Susan Troller  —  8/22/2008 3:35 pm

Pride in the quality of their cows' milk and recognition of consumer demand for locally produced food have led two Bristol farming brothers to strike out on their own with a $2 million farmstead milk bottling plant.

In April, Jamie and Rob Baerwolf, along with their wives (both named Jennifer), opened the Sassy Cow Creamery. The bottling plant allows the Baerwolfs to sell farm fresh milk from their own cows directly to consumers who come to their retail farm store, about nine miles north of Sun Prairie at W4192 Bristol Road, or who shop at grocery stores and markets that carry the colorful Sassy Cow label.

The Baerwolf brothers observed the growing customer interest in fresh, farm-based products. "I think many people feel they're losing the connections they once had to the farms that produce their food," Jamie Baerwolf said.

To help foster that connection even further, on Friday, Aug. 1, from 11 a.m. to 2 p.m., the Sassy Cow Creamery is hosting an open house with a brat fry, farm and creamery tours and product samples. For more information and directions to the Sassy Cow Creamery and farmstead store, go to www.sassycowcreamery.com or call 608-445-2010.
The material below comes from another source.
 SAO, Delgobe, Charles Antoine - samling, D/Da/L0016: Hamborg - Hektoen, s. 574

Some of the area's top restaurants, including L'Etoile and the Old Fashioned, use Sassy Cow milk in their kitchens. Grocery stores in Madison, from the little Regent Street Co-op to heavyweights like Woodman's, Metcalfe's Sentry and Cub Foods, offer Sassy Cow products. And, thanks to a local distributing company, the Baerwolfs also are sending their bottled milk to stores from Wausau to Chicago, Platteville to Milwaukee.
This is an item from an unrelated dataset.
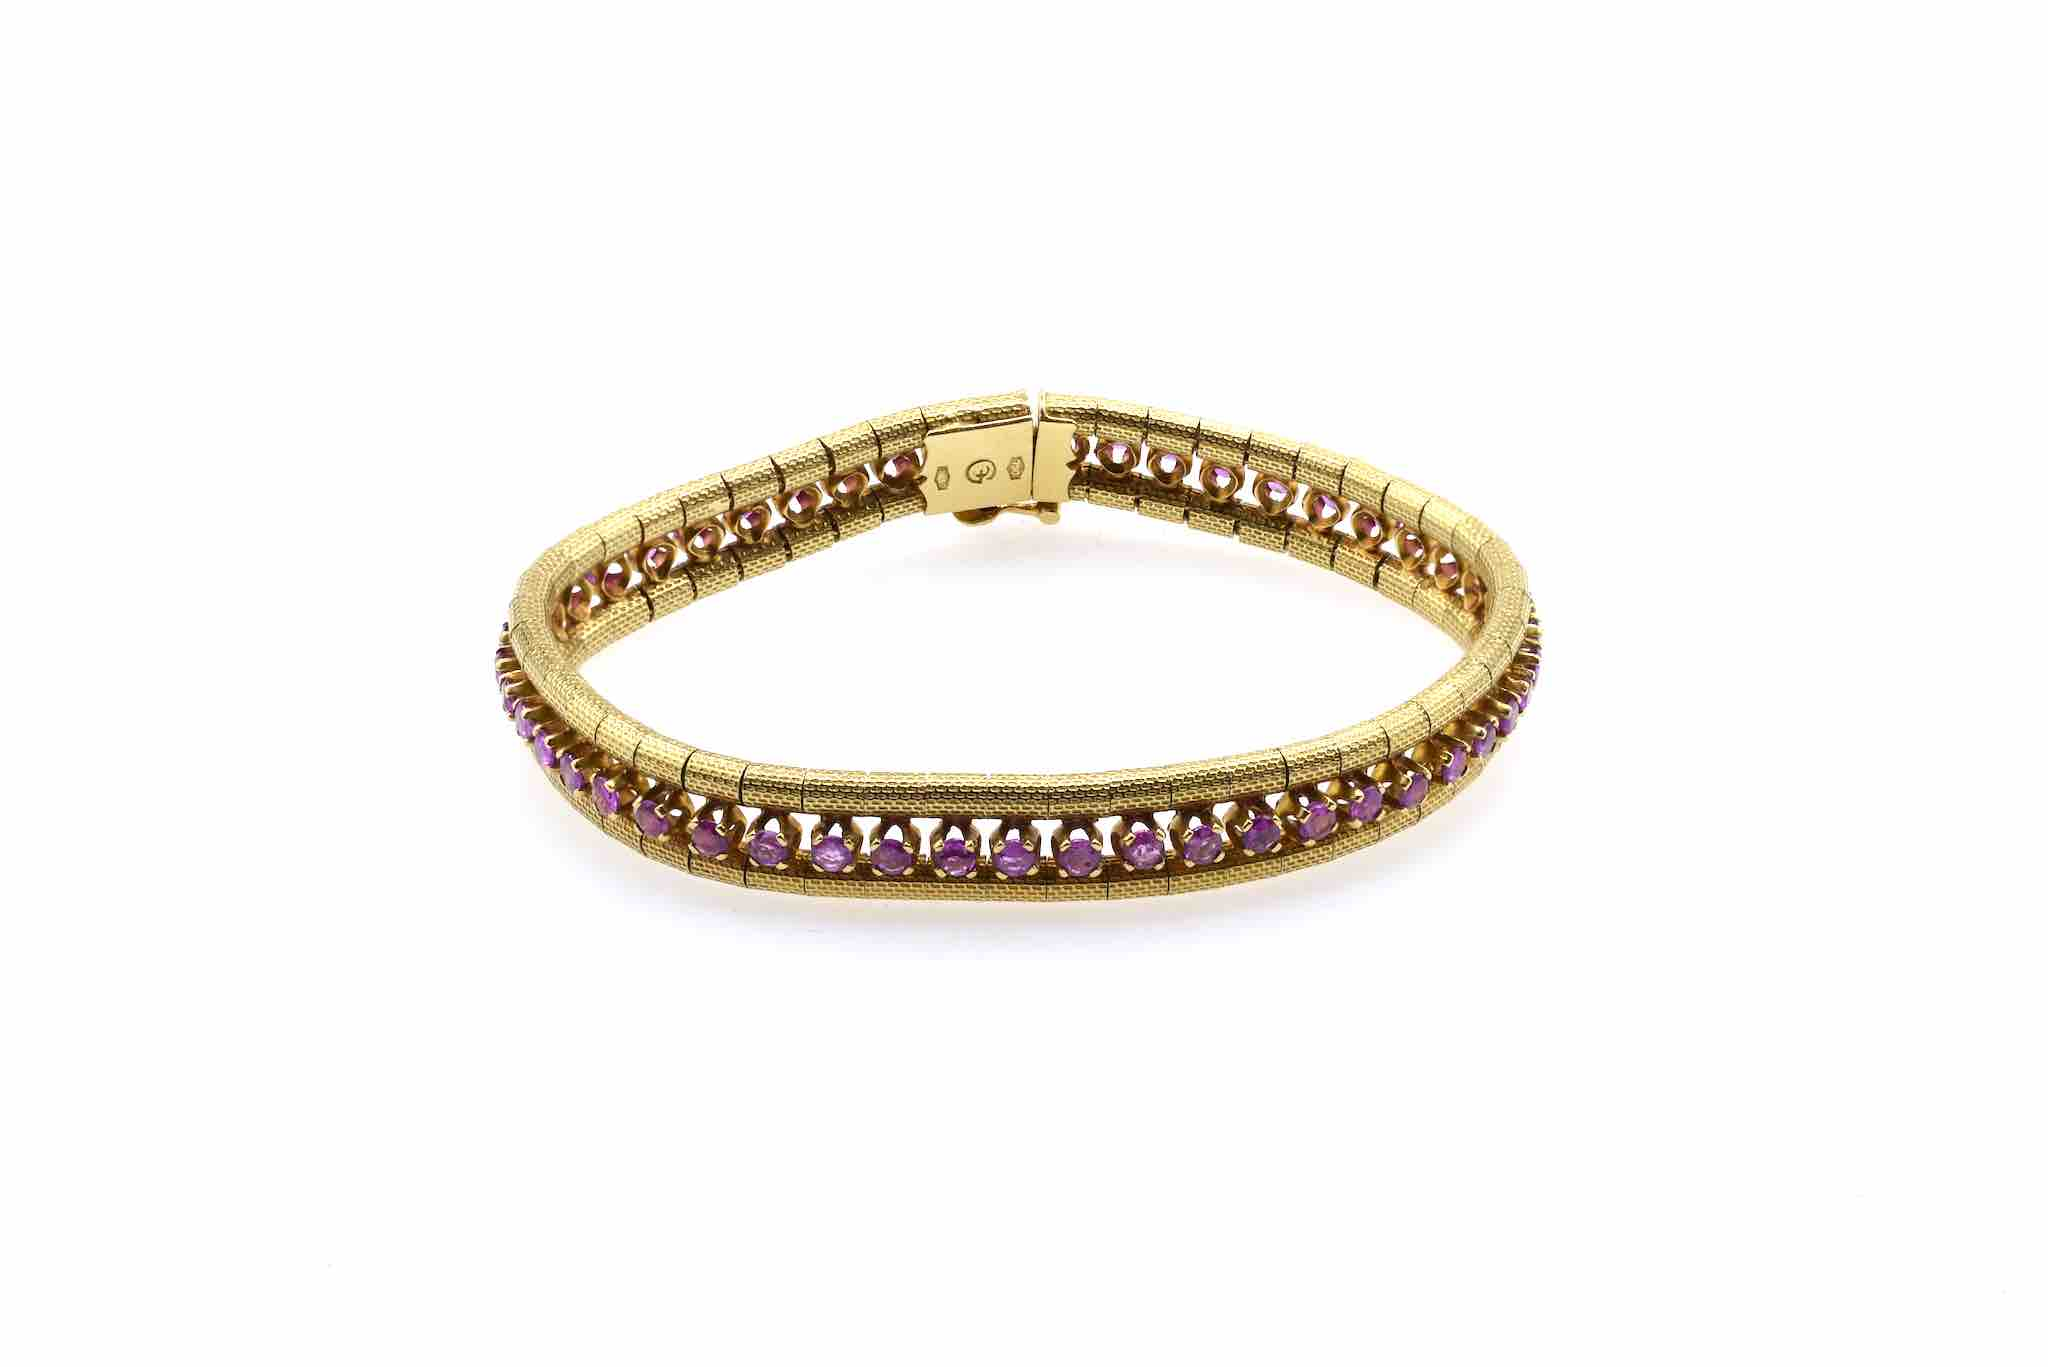 bracelet ancien rubis en or jaune 18k

Heavy cream and butter also are in the future, and Sassy Cow ice cream in several flavors is sold at the farmstead store.
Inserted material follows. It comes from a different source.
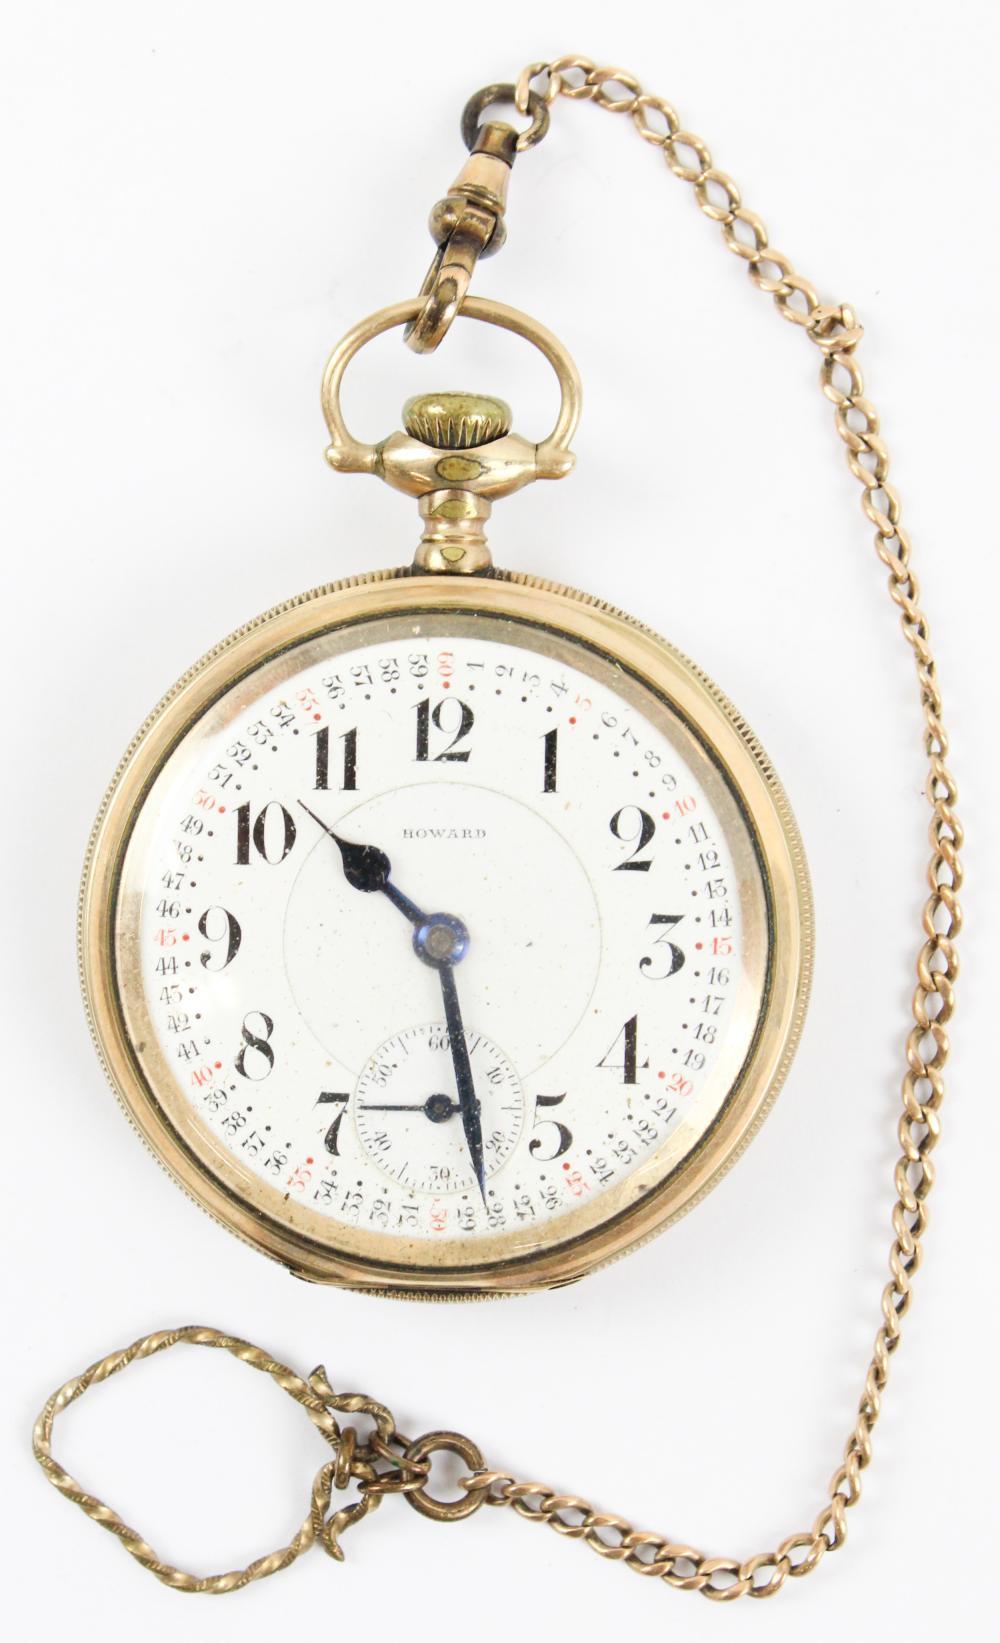 Howard 21 Jewel Pocket Watch

The brothers graduated from the University of Wisconsin-Madison College of Agricultural and Life Sciences in the 1990s. Both decided they wanted to bring their ag degrees back to the dairy farm their grandfather Edward Baerwolf purchased in 1946, and which their father, Edwin, operated until his retirement.

"For about the first 10 years that my brother and I were farming, we were a pretty straightforward production agriculture kind of dairy farm," Jamie Baerwolf said. They produced milk as an agricultural commodity and sold it on the open market, where it was pooled with milk from many other farms.

But the brothers were proud of the quality of the milk their cows produced, and sensed that a growing number of consumers wanted alternatives to anonymous, mass-produced food products. They began exploring options for marketing their farm's milk directly to discerning customers.

In 2000, they split their herd and began using organic practices with about 100 cows.

Now, less than 10 years later, the Baerwolfs milk two herds of primarily Holsteins -- a conventional herd of 400 animals at one site, and another herd of 100 cows producing organic milk at a location just down the road. All aspects of each cow's life, diet and exercise are carefully monitored, and every animal spends time outdoors on lush pasture.

"You spend any time with the Baerwolfs and you sense the pride they have in their cows and the quality of the milk they are producing," said Jeanne Carpenter, communication director of the state's Dairy Business Innovation Center. In May, she was on hand for the celebration surrounding the Sassy Cow Creamery's grand opening.

Jamie Baerwolf noted that the milk from both herds travels just a half mile to the creamery where it's processed separately by half a dozen employees. Baerwolf estimated the creamery currently is processing all of their organic milk -- about 3,500 gallons each week -- and a similar amount of non-organic milk.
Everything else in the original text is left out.